The European: Do you think that there is a natural limit to the speed of innovation? Are we witnessing an innovation bubble that will either burst or gently deflate after some time?
Surman: Who knows what will happen. I think the important question is about the constraints that people want to put on the growth of the internet. It starts with patents and copyright protection that slow down innovation. Those are concerns backed by the force of law, and our habits tend to change much quicker than the legal frameworks we build around them. And we often forget that increasing amounts of information might also have downsides, that we are losing control of our privacy. Innovation is not a smooth process. We want to slow down and hit the brakes, the tire blows out and we spin out of control. So there will be contentions issues as we struggle to come to terms with the implications of technological change. We want to strike balances. That takes time.
The European: So the determining factor is not technology itself, but our ability to reason about technology and establish new sets of norms and values?
Surman: If you think back to the industrial era, there were many technical and physical constraints, we were bound by atoms. In relation to the internet, the constraints are human. They might be abstract constraints – like the need for a philosophy for the internet or new sets of legal rules – or they might be deeper, cognitive constraints. It ties back to the idea of literacy: we want to be able to deal in a responsible manner with the speed of innovation. It starts with early childhood education, with growing up in a digital environment.
The European: Many of today’s adults grew up without the internet. Is that an important factor in understanding current debates about legal reform or privacy norms?

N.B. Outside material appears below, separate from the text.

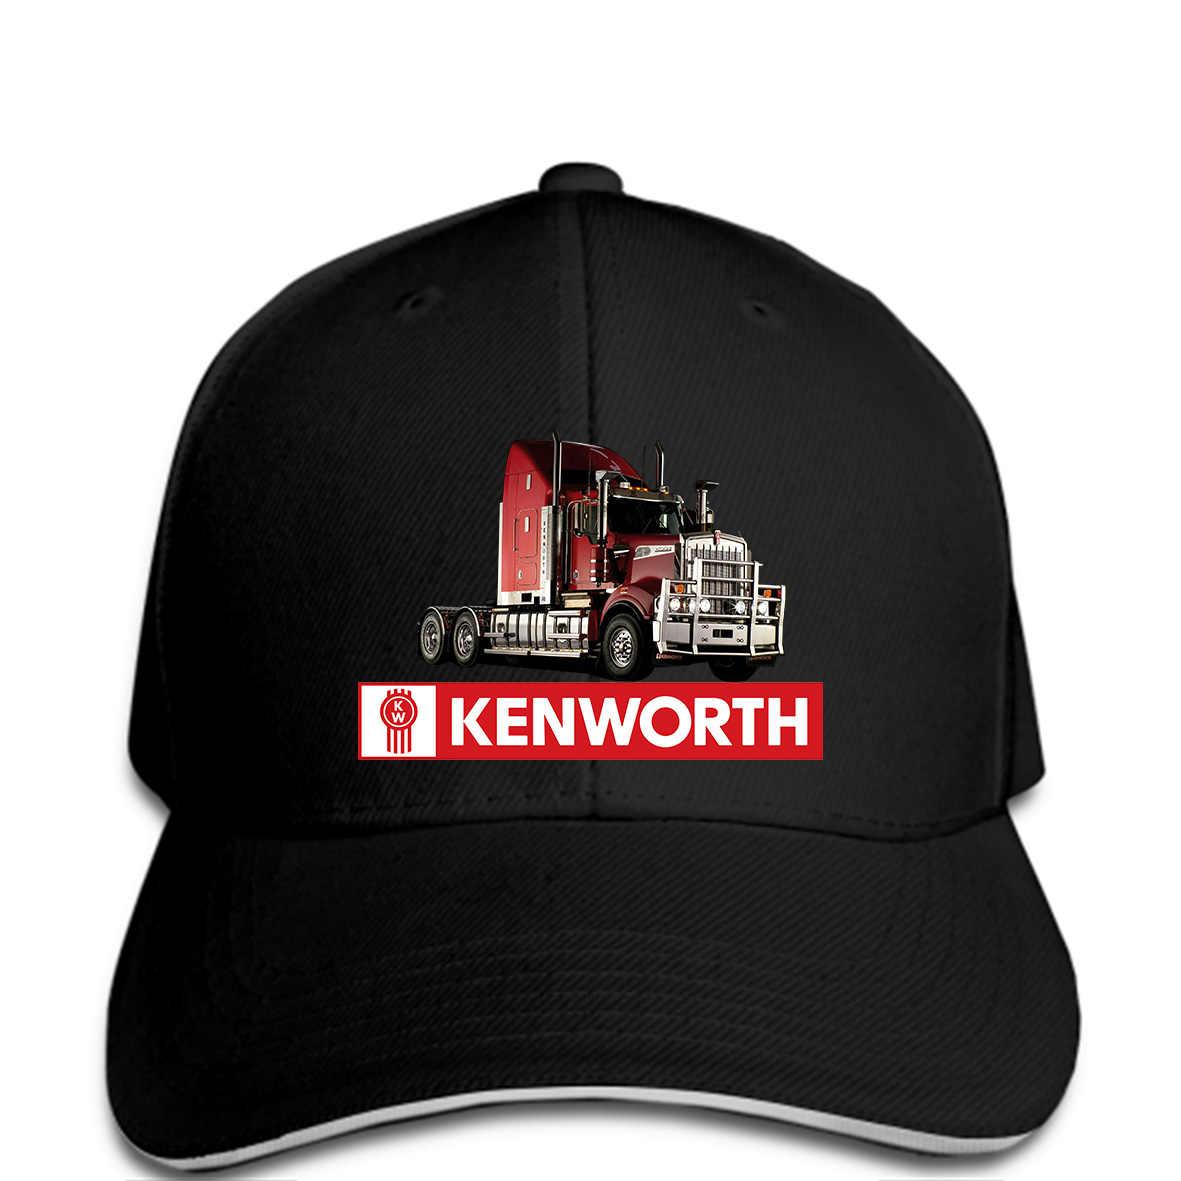 9d609ae7ccc424 Detail Feedback Questions about Men Baseball cap New Fashion Popular  Kenworth Truck Peterbilt Black L funny Hat novelty tsnapback women1 on  Aliexpress.com ...

Surman: If you grow up with something, it just becomes more natural. Today’s choices seem to revolve around the importance we give to values such as openness and transparency. That might not even be an issue for our children or grandchildren anymore; I hope that these values will seem very natural to them. But what other reflexes will they have learned? What other norms will they have internalized by growing up in a digital world? So they will still have debates about the path of innovation, but those debates might be very different from the issues we are discussing today.